Embora esse preço pareça impressionante, ele reflete o salto de crescimento do Bitcoin desde um ponto de partida quase insignificante até os patamares atuais. Para entender como o Bitcoin alcançou esse nível, é preciso revisitar sua história — analisar marcos críticos, volatilidade de mercado e contextos de investimento em diferentes fases.

A partir da perspectiva da equipe editorial da Bitaigen, compilamos os principais marcos e variações de preço do Bitcoin desde sua criação, ajudando o leitor a compreender sua evolução, as forças motrizes por trás das iterações tecnológicas e da adoção institucional. Ao final deste resumo, você verá como o Bitcoin atravessou vários ciclos, formando o cenário de mercado atual, que merece ser analisado com atenção.
Revisão histórica de preços do Bitcoin (BTC): do lançamento até agora
2009 – O nascimento do Bitcoin
Bitcoin foi proposto em 2009 por um indivíduo ou equipe sob o pseudônimo Satoshi Nakamoto. Seu conceito central é oferecer uma forma de transferência de valor digital sem a necessidade de intermediários financeiros tradicionais.

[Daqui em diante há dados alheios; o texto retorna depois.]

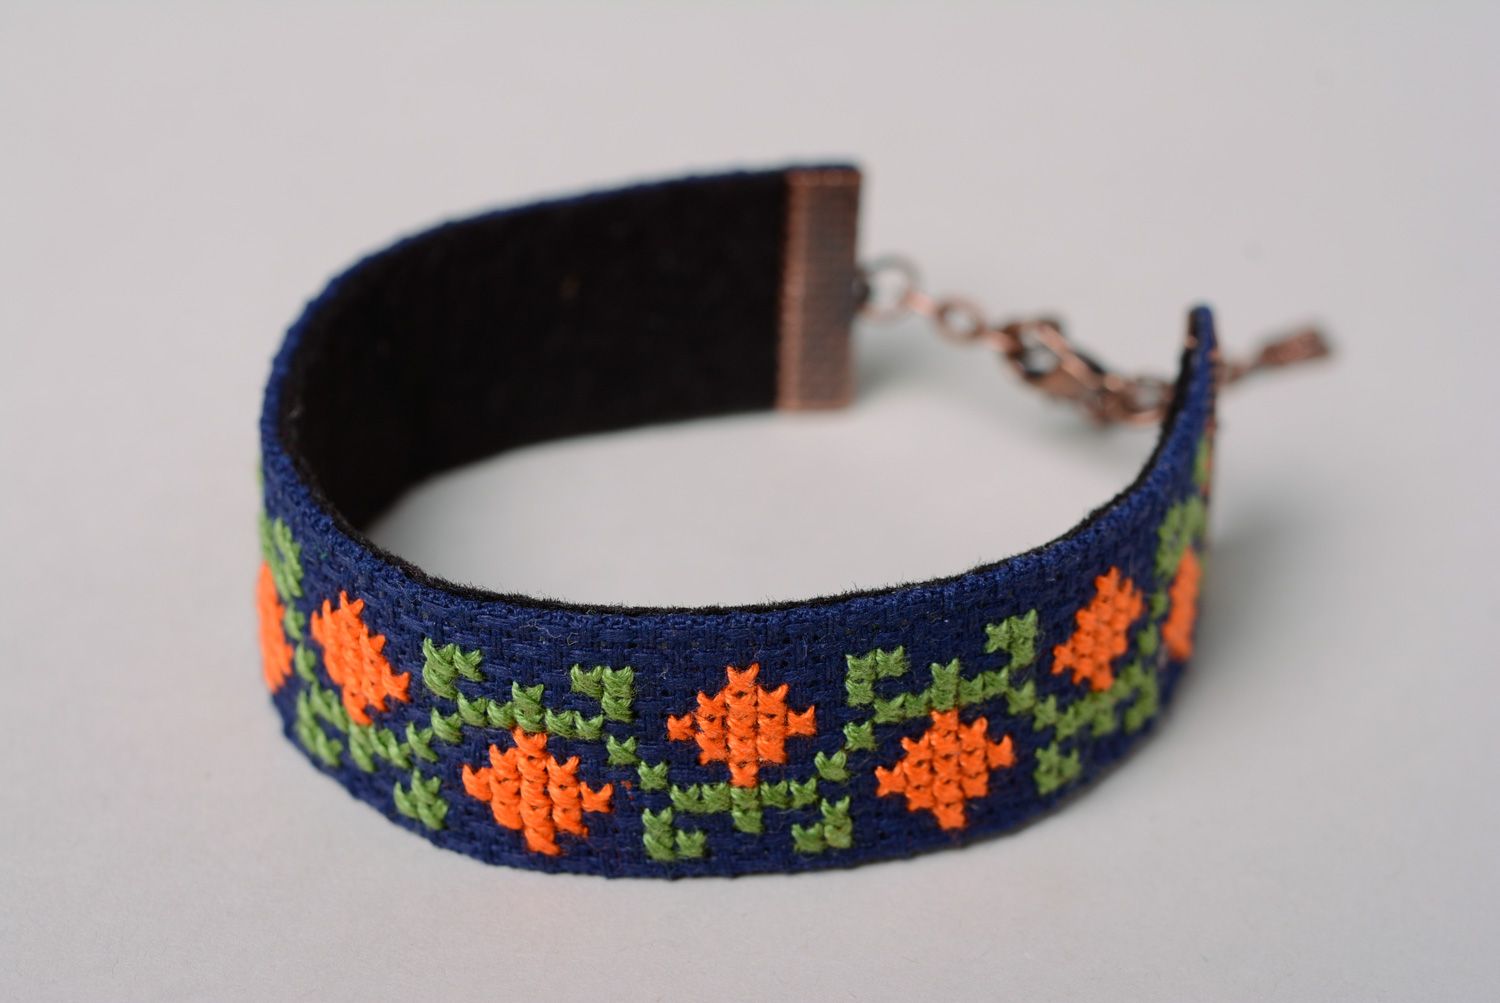 Handmade wrist bracelet with cross stitch embroidery on blue background for women photo 2

- Bloco gênese: o primeiro bloco, chamado de *Genesis Block*, registra o ponto de partida da rede.
- Taxa inicial: no fórum BitcoinTalk, $0,00099 /BTC (≈ R$ 0,005) foi definido como o primeiro preço de troca público.
- Naquela época, os usuários eram principalmente entusiastas de criptografia e pioneiros de tecnologia, sem bolsas de valores ou cenários de pagamento reais.
Para adquirir Bitcoin no Brasil, os métodos de pagamento aceitos incluem PIX (instantâneo 24 h), TED e transferências em BRL. O cadastro (KYC) costuma exigir CPF + RG ou CNH.
2010 – A primeira compra com Bitcoin
Em 2010, o programador Laszlo Hanyecz usou 10.000 BTC para comprar duas pizzas, valor equivalente a $25 (≈ R$ 138). Essa transação é considerada a primeira vez que o Bitcoin foi usado para pagar um bem físico, marcando a entrada da moeda digital no conhecimento público.
- No mesmo ano, surgiram as primeiras bolsas de troca e o preço ultrapassou $1 (≈ R$ 5,5) em fevereiro de 2011, gerando os primeiros focos da mídia.
- Ainda então, o Bitcoin era visto principalmente como ferramenta especulativa, sem apelo mainstream.
Anos de crescimento
2011 – Primeiro grande salto
- O preço subiu de $1 (≈ R$ 5,5) para $30 (≈ R$ 165) em meados do ano, impulsionado pelo interesse da comunidade e pelo otimismo especulativo.
- No final do ano, recuou para $5 (≈ R$ 27,5) ou menos, mas já havia entrado na cobertura da mídia tradicional.
- Nesta fase, o Bitcoin começou a ser percebido como potencial reserva de valor, atraindo os primeiros adotantes.
2012 – Integração e primeiro halving
- O preço se manteve relativamente estável entre $5‑$13 (≈ R$ 27,5‑R$ 71,5).
- Em novembro de 2012, ocorreu o primeiro halving da recompensa de bloco (de 50 BTC para 25 BTC), evidenciando seu modelo deflacionário — a oferta total limitada a 21 milhões de moedas.
- No mesmo mês, o WordPress começou a aceitar pagamentos em Bitcoin, seguido por lojas como a Overstock.com.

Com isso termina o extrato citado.